The only new code here is the omp critical section in fixed_loopcount.c. The critical section is performed by each thread, but can only be performed by one thread at a time. This ensures that while one thread is updating the global nloops variable (global_nloops) with the thread local value of nloops (private_nloops), that the value of global_nloops is not changed by any other thread.

You can compile these programs using one of these sets of commands (choose one for the compiler you wish to use);

  • gcc : gcc -fopenmp broken_loopcount.c -o broken_loopcount ; gcc -fopenmp fixed_loopcount.c -o fixed_loopcount
  • icc : icc -openmp broken_loopcount.c -o broken_loopcount -cxxlib-icc ; icc -openmp fixed_loopcount.c -o fixed_loopcount -cxxlib-icc
  • pgc : pgc -mp broken_loopcount.c -o broken_loopcount ; pgc -mp fixed_loopcount.c -o fixed_loopcount

This will produce the executables, broken_loopcount and fixed_loopcount.
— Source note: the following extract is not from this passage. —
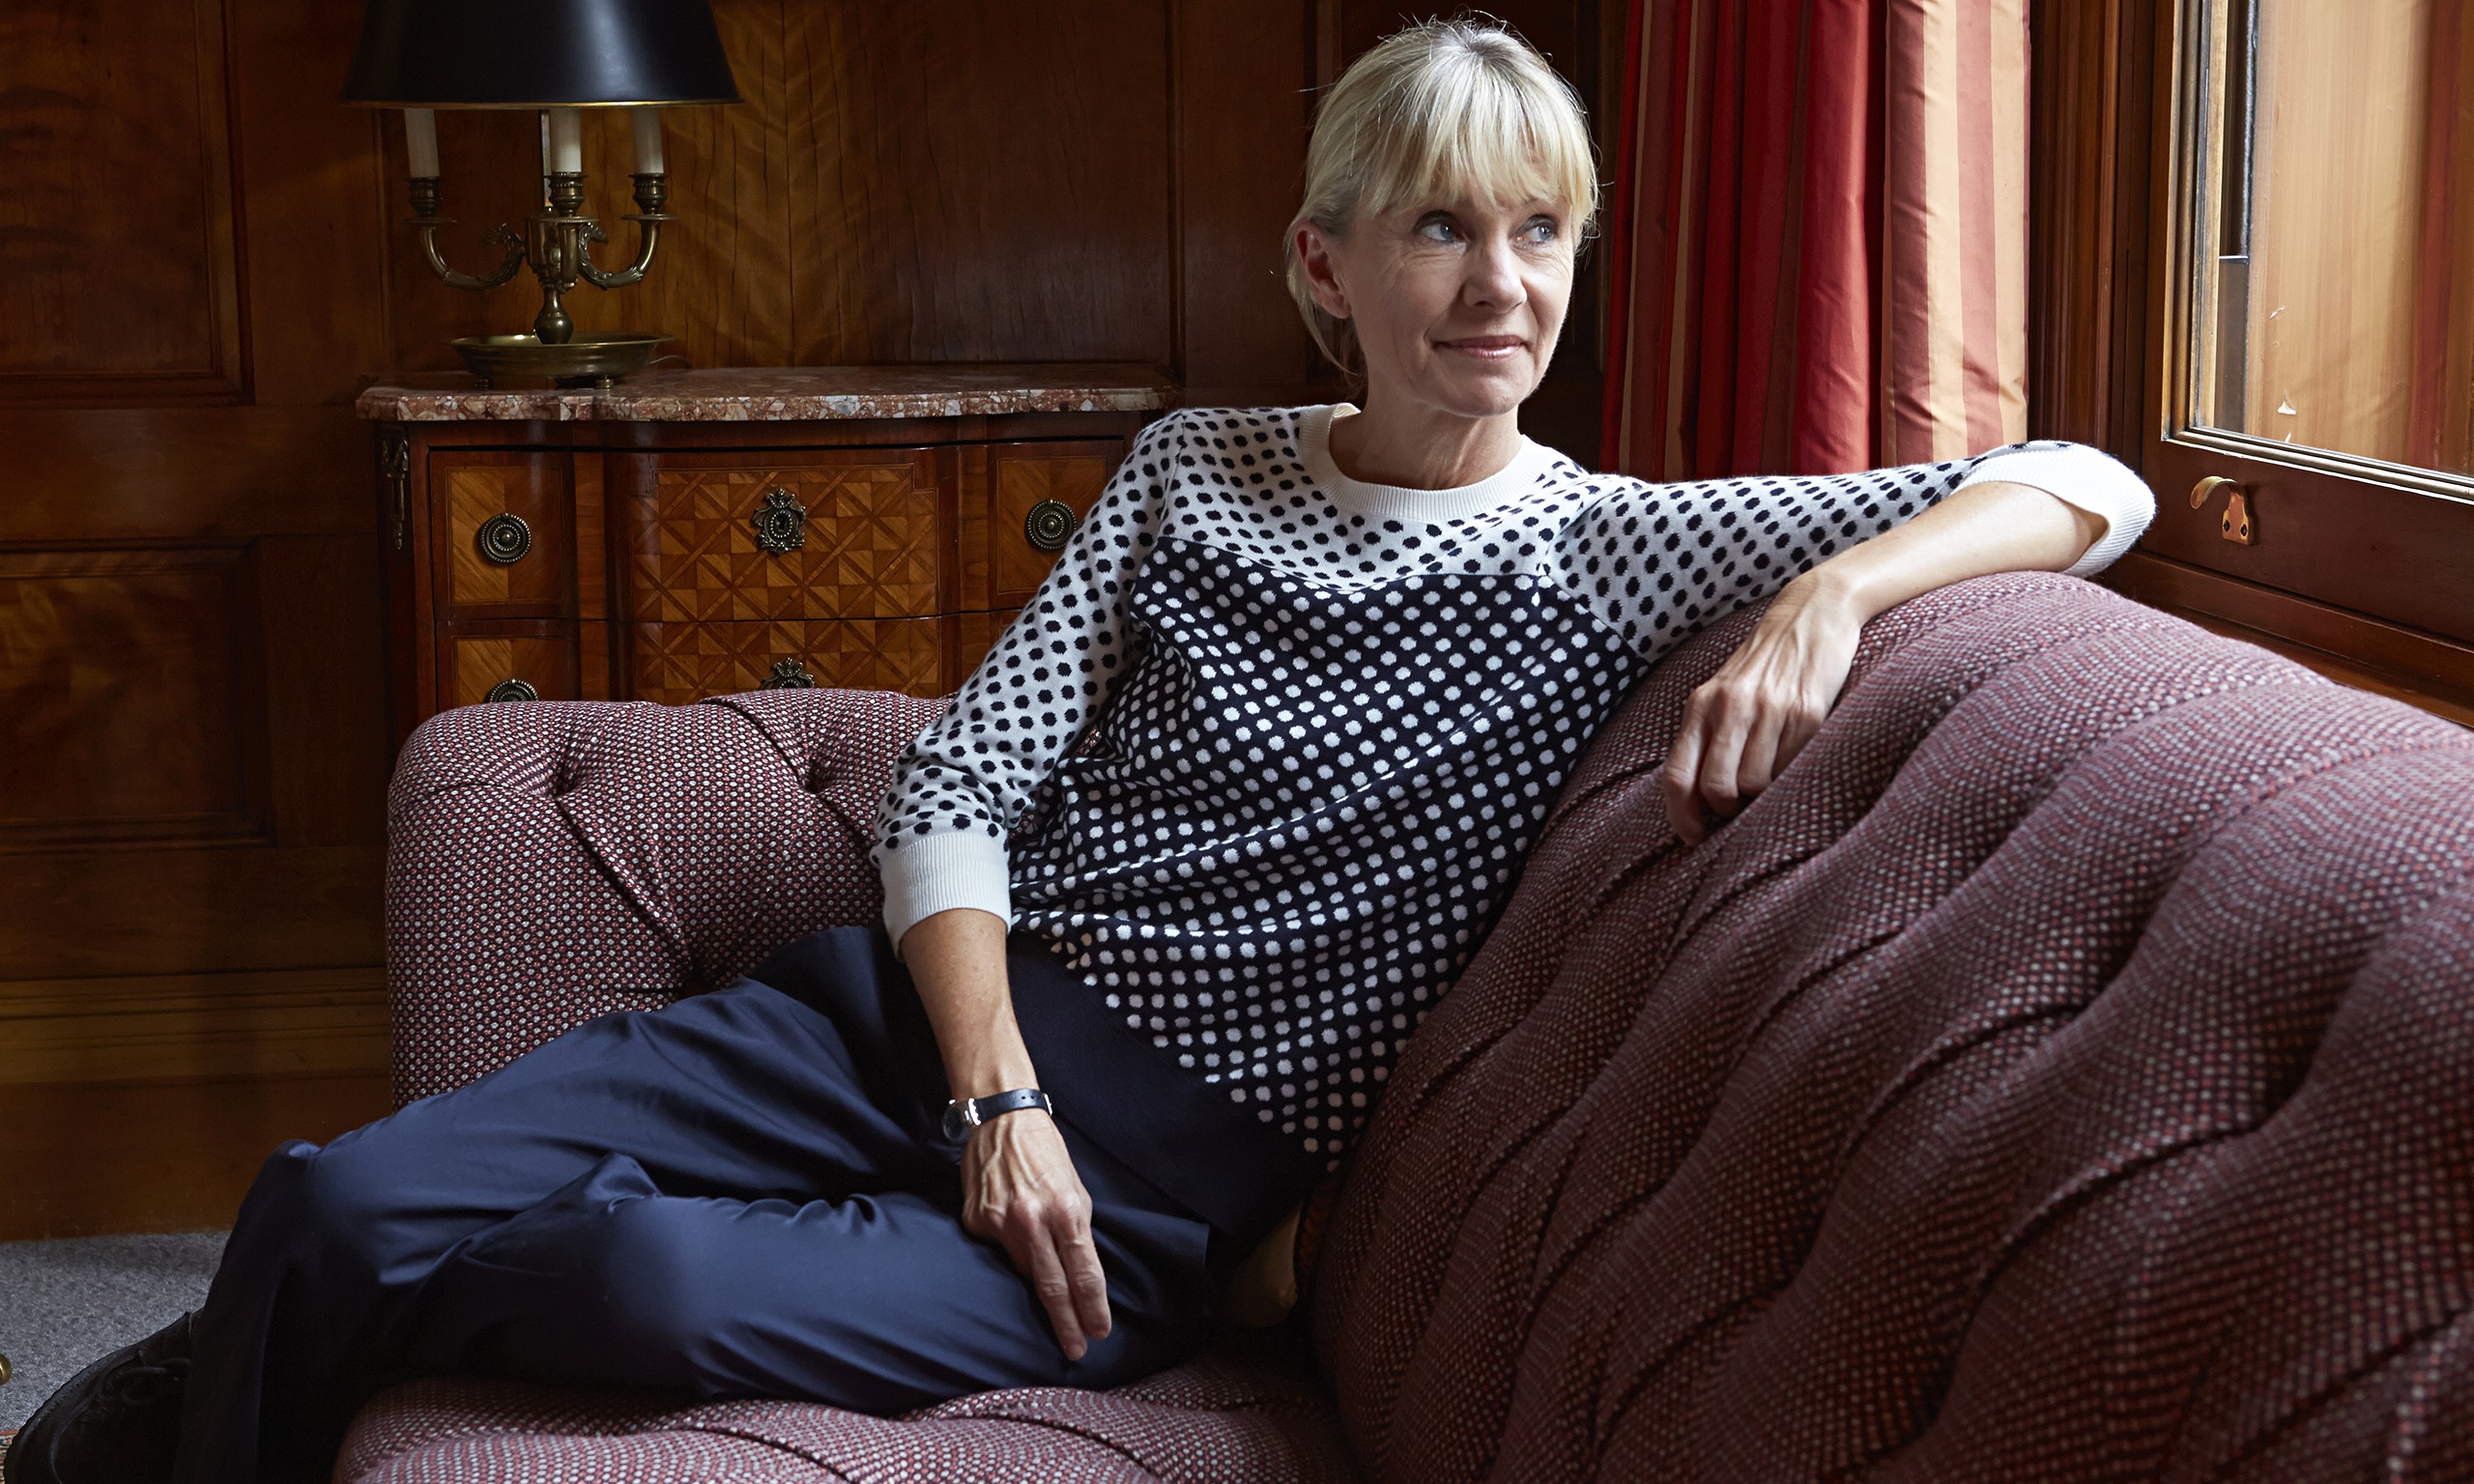 Kate Mosse: my skill is storytelling, not literary fiction | Books

Now return to the previous page.

C++

Copy this code into broken_loopcount.cpp

#include <iostream>

#ifdef _OPENMP
    #include <omp.h>
#else
    #define omp_get_thread_num() 0
#endif

int main(int argc, char **argv)
{
    int global_nloops = 0;

    #pragma omp parallel
    {
        int private_nloops = 0;

        int thread_id = omp_get_thread_num();

        #pragma omp for
        for (int i=0; i<100000; ++i)
        {
            ++private_nloops;
        }

        std::cout << "Thread " << thread_id << " adding its iterations ("
                  << private_nloops << ") to the sum (" << global_nloops 
                  << ")...\n";

        global_nloops += private_nloops;

        std::cout << "...total nloops now equals " << global_nloops << ".\n";
    }

    std::cout << "The total number of loop iterations is " << global_nloops 
              << ".\n";

    return 0;
}

and copy this code into fixed_loopcount.cpp

#include <iostream>

#ifdef _OPENMP
    #include <omp.h>
#else
    #define omp_get_thread_num() 0
#endif

int main(int argc, char **argv)
{
    int global_nloops = 0;

    #pragma omp parallel
    {
        int private_nloops = 0;

        int thread_id = omp_get_thread_num();

        #pragma omp for
        for (int i=0; i<100000; ++i)
        {
            ++private_nloops;
        }

        #pragma omp critical
        {
            std::cout << "Thread " << thread_id << " adding its iterations ("
                      << private_nloops << ") to the sum (" << global_nloops 
                      << ")...\n";

            global_nloops += private_nloops;

            std::cout << "...total nloops now equals " << global_nloops 
                      << ".\n";
        }
    }

    std::cout << "The total number of loop iterations is " << global_nloops 
              << ".\n";

    return 0;
}

The only new code here is the omp critical section in fixed_loopcount.cpp. The critical section is performed by each thread, but can only be performed by one thread at a time. This ensures that while one thread is updating the global nloops variable (global_nloops) with the thread local value of nloops (private_nloops), that the value of global_nloops is not changed by any other thread.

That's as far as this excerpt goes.